When we reach outside the grey edges of the place where we protect our comforts, it becomes impossible to crawl back into that familiar world and find peace. Perhaps this is how we understand memory. Like the flashes of bright prayer flags on the steppe or the rot smell of durian fruit on a diesel bus or the yellow light in a birch grove when the frost falls, memories are fleeting. Once context fades, the remembered past soon follows. One morning, we snap awake, we turn on the coffee, we make an egg and toast, and as we sit down it occurs to us that innocence is gone and no amount of reflection on the past can teach us how to proceed.
*
In Mongolia, Chuluun and I never found those missing horses. The coffee shop owner figured that probably somebody found them wandering with another herd, and, needing meat, butchered and ate them.
“It is too bad,” said the coffee shop owner, “but among the nomadic peoples, when life is difficult, we starve. That is life.”
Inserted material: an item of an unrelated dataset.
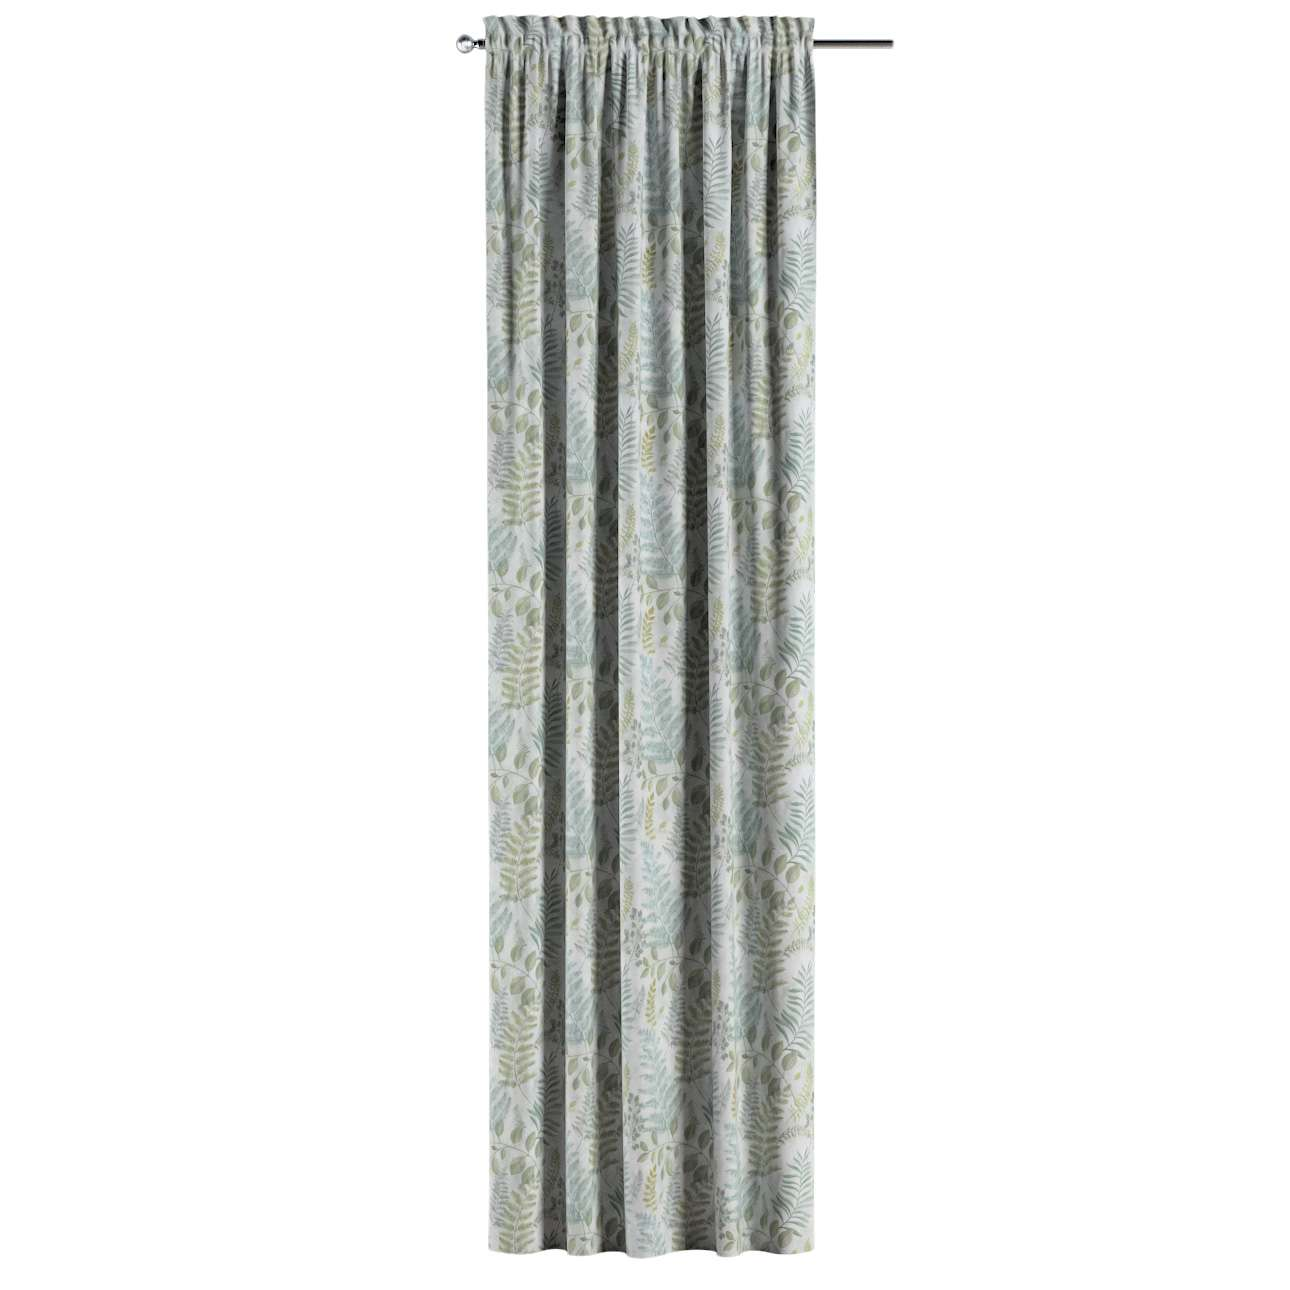 Gardin med løbegang - multibånd 1 stk. fra kollektionen Pastel Forest, Stof: 142-46
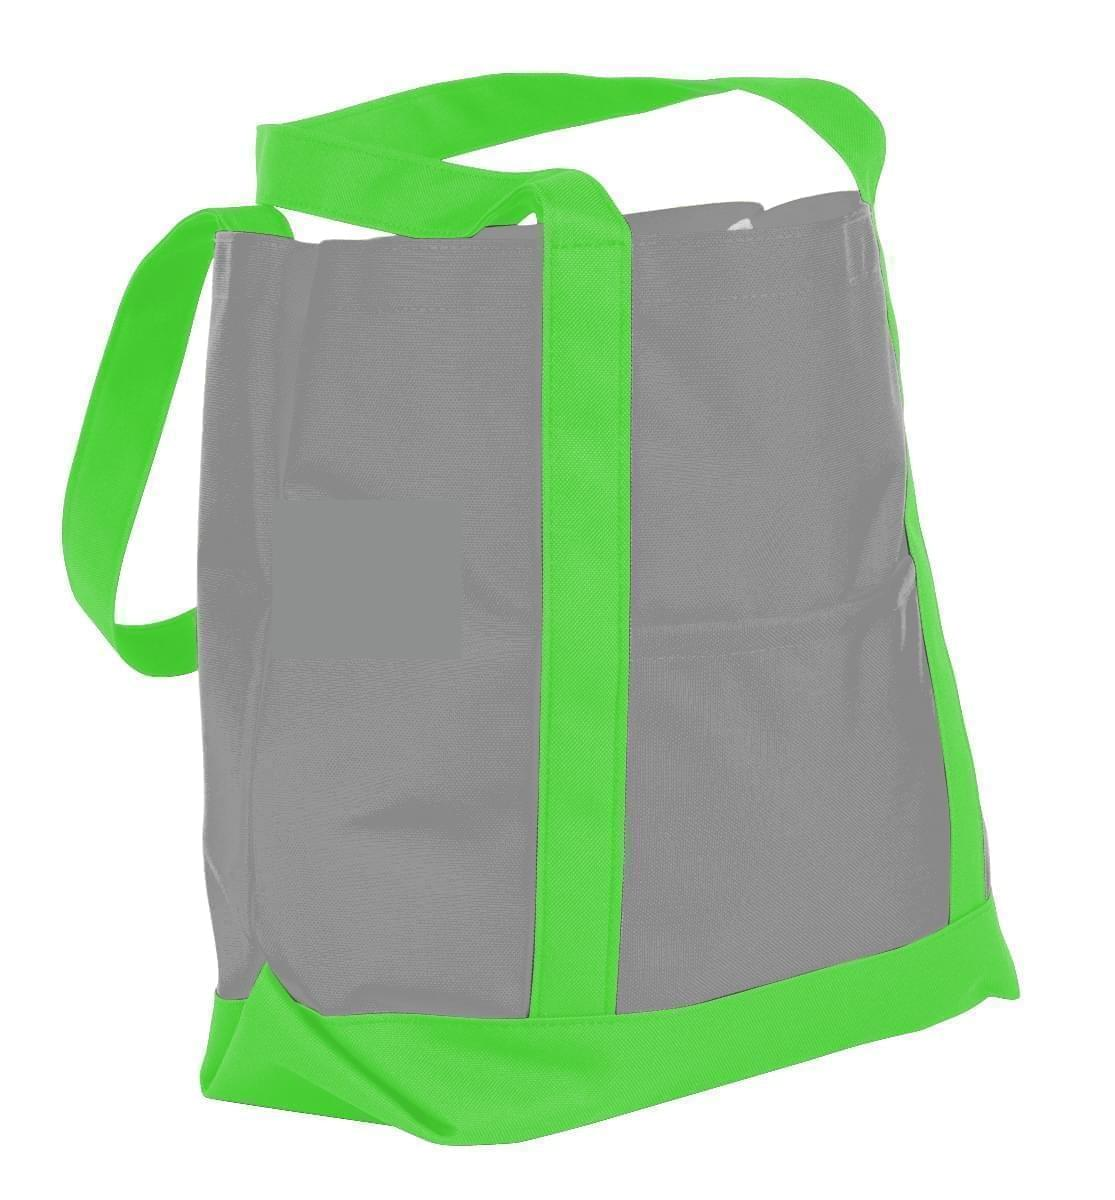 USA Made Nylon Poly Boat Tote Bags, Grey-Lime, XAACL1UA1Y

A few months after I left Phnom Penh, I used a mirror to look at Mark’s work, and I noticed that the compass was crooked. Suddenly, it dawned on me that a compass can point in a thousand directions, and that it was as likely to lead me into wastelands as to bring me home.
I’ve come to love my birch grove—inhabited as it is by junked kitchen appliances— for its ability to teach stillness. In January when the temperatures drop to forty below and my car doesn’t start and my water jugs freeze to the floor, I often step out onto the porch to contemplate, and after years of travel, it feels like an ending, as if the only way forward is to turn back.
I do get restless. Sometimes I strap on a pair of skis or snowshoes and just head out. I check on the voles that live in the seats of the broken Volvo. I follow moose trails; flush ptarmigan; look for the tracks of fox or lynx; wander into the black spruce and muskeg along the north slopes of the Tanana Hills. Small pleasures that contain great rewards.
Movement can lead us inward as well as forward. I have a new lover now, a writer who dreams with me of long canoe trips and endless walks. Together, we are discovering that a life well lived is a journey both wild and grounded, marked with memories and prayer flags, with an inked compass and a refrigerator shot full of holes.
Sometimes, in the fireweed summer or the yellowing autumn, we sit on our porch and listen to the wind move through the trees.
The exotic, I had assumed, must be located somewhere else. I believed, stubbornly, that adventure required movement, and for a long time I ignored the signs telling me otherwise—the friends who settled into full time jobs, the frustrated lover who just wanted me to listen, the permanence of the ink on my back.